У меня в голове полный бардак, шестеренки крутятся без остановки. До рассвета нужно уладить кучу дел. Конечно, у нас есть основы, но с появлением ребенка все меняется. А наем няни? Это еще один слой ада. Мы не похожи на те мафиозные семьи, которые похищают или шантажируют людей. Та, кто возьмется за работу няни, должна искренне заботиться о девочке, но при этом быть достаточно дисциплинированной, чтобы выполнять приказы без лишних вопросов.
Пока я размышляю над этим, у меня пиликает телефон. Моя мать — мне действительно, черт возьми, нужно сменить рингтон — звонит мне со всей своей пронзительностью.
— Мошенники? — Спрашивает Николай. В последнее время ему приходят странные сообщения. Он наверняка подумал, может, я в той же лодке.
— Нет, всего лишь мама, — говорю я и не беру трубку. У меня и так хватает забот, не добавляя к ним еще и материнские придирки.

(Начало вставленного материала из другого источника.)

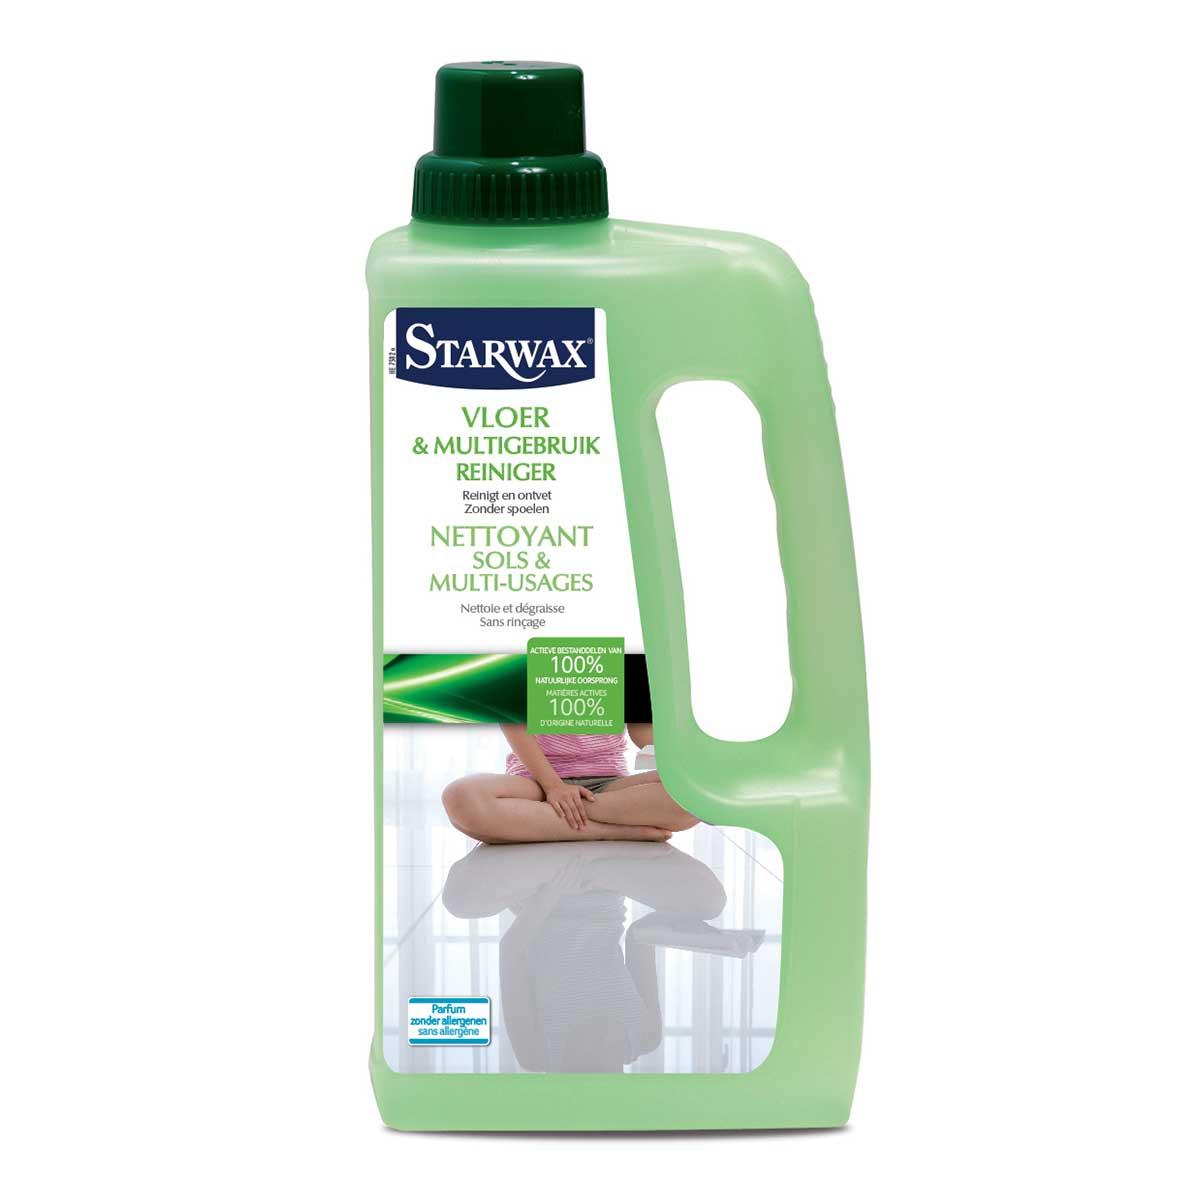 Nettoyant sols et multi-usages avec matières actives 100% d'origine naturelle - Starwax
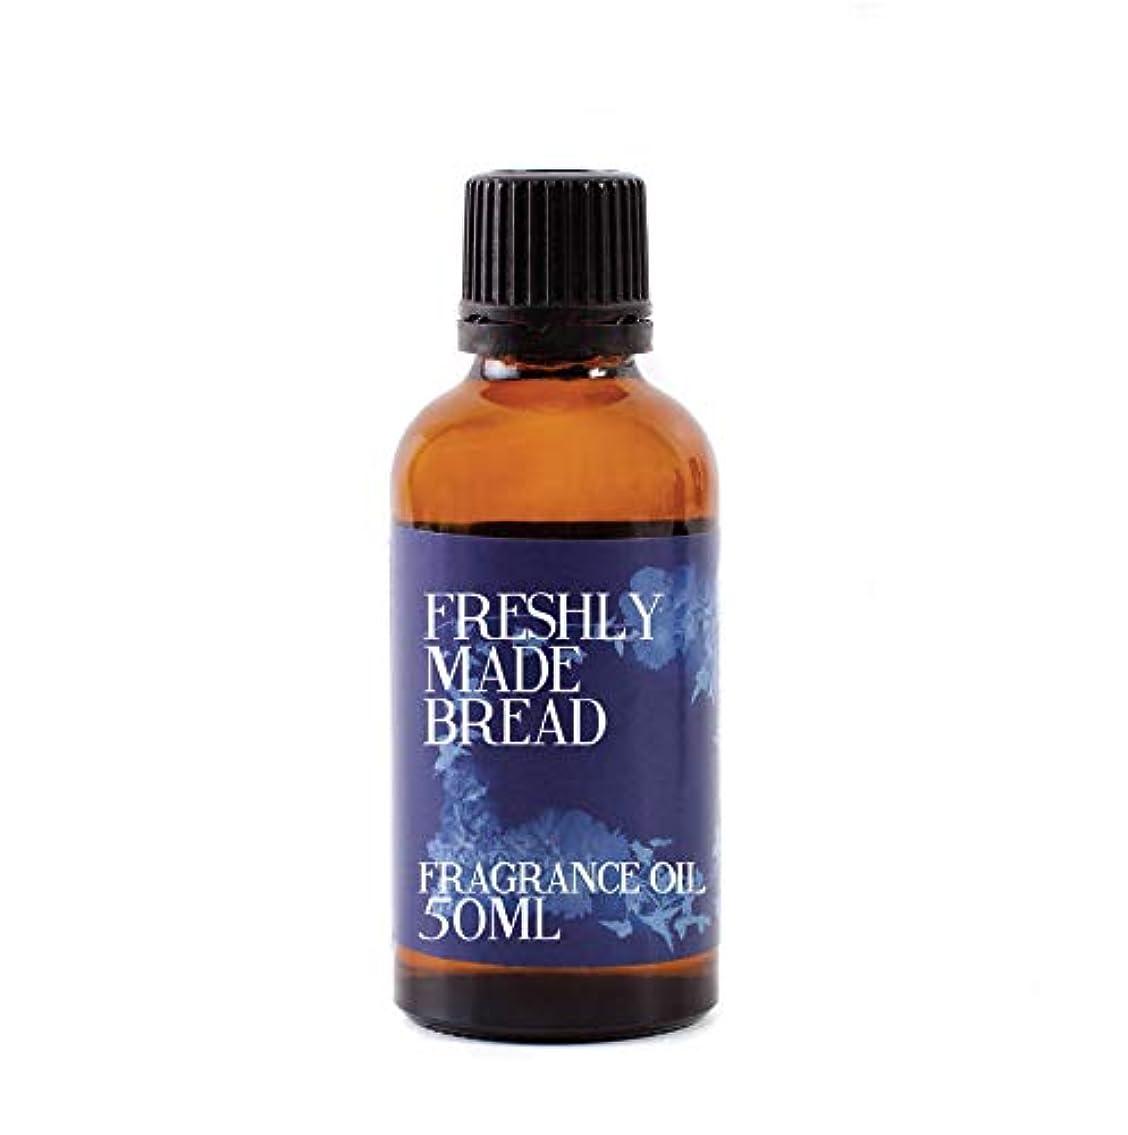 を除く変更誘導Mystic Moments | Freshly Made Bread Fragrance Oil - 50ml

Я переключаю свое внимание на Ника.
— Нам нужно держать это в тайне. Никто за пределами этой комнаты не должен знать о ребенке.
Мы не можем позволить людям узнать, что у нас есть мягкая сторона, в конце концов. Мы не благотворительная организация, усыновляющая бездомных. Мы — чертова Братва.
Ник понимающе кивает.
— Чем меньше людей знает, тем лучше. Свободные губы топят корабли.
Но потом он вскидывает бровь.
— Так как же, черт возьми, нам найти няню, не вызывая подозрений? Ради всего святого, мы же не можем просто разместить объявление.
Я ухмыляюсь.
— У Грейс сеть не только внутри Братвы. У нее есть уши и глаза и в гражданском мире. Я предупрежу ее, и она найдет нам кого-нибудь, кто действительно сможет выполнить эту работу.
Он кивает. У нас есть план, но все не так быстро.
Я делаю паузу, затем повышаю голос и кричу девчонке.
— Эй, как тебя зовут?
Она поворачивается и смотрит на нас большими глазами. Пустыми глазами.
— Да ладно, это самый простой вопрос на английском, — бормочет Николай.
Разочарованный, я перехожу на русский.
— Kak tebya zovut.
И тут она говорит, ее голос едва превышает шепот.
— Алина.
Наступает тишина, наполненная лишь тяжестью ее единственного слова.
— Алина, — повторяю я, позволяя ее имени повиснуть в воздухе. Это момент ясности среди хаоса. — Хорошо, Алина. У нас есть работа, не так ли?
Николай смотрит на меня, потом на Алину.
— Да, есть. У нас, блядь, очень много работы.
Алина. Маленькая кроха, такая невинная.
Как она оказалась втянута в наш поганый мир?
ГЛАВА 2: ИЛЛЮЗИЯ КОНТРОЛЯ
АЛЕКСАНДР
Мои глаза распахиваются от мягкого света рассвета, проникающего сквозь тяжелые шторы. Я лежу в своей огромной кровати, королевского размера, подходящей для того, кем я являюсь.
Простыни из тончайшего египетского хлопка, стены украшены произведениями искусства, которые стоят больше, чем большинство людей зарабатывают за всю жизнь. Моя спальня столь же обширна, сколь и роскошна. Это часть особняка, который служит одновременно моим домом и неофициальным штабом наших операций в Братве.
Рядом со мной, едва шевелясь, лежит женщина. Ее кожа красивого оттенка красного дерева. Красные шелковые простыни облегают ее фигуру. На мгновение я позволил своим глазам остановиться на ней, любуясь изгибом ее спины, изящной линией шеи. Но только на мгновение. Сентиментальность — это слабость, которую я не могу себе позволить.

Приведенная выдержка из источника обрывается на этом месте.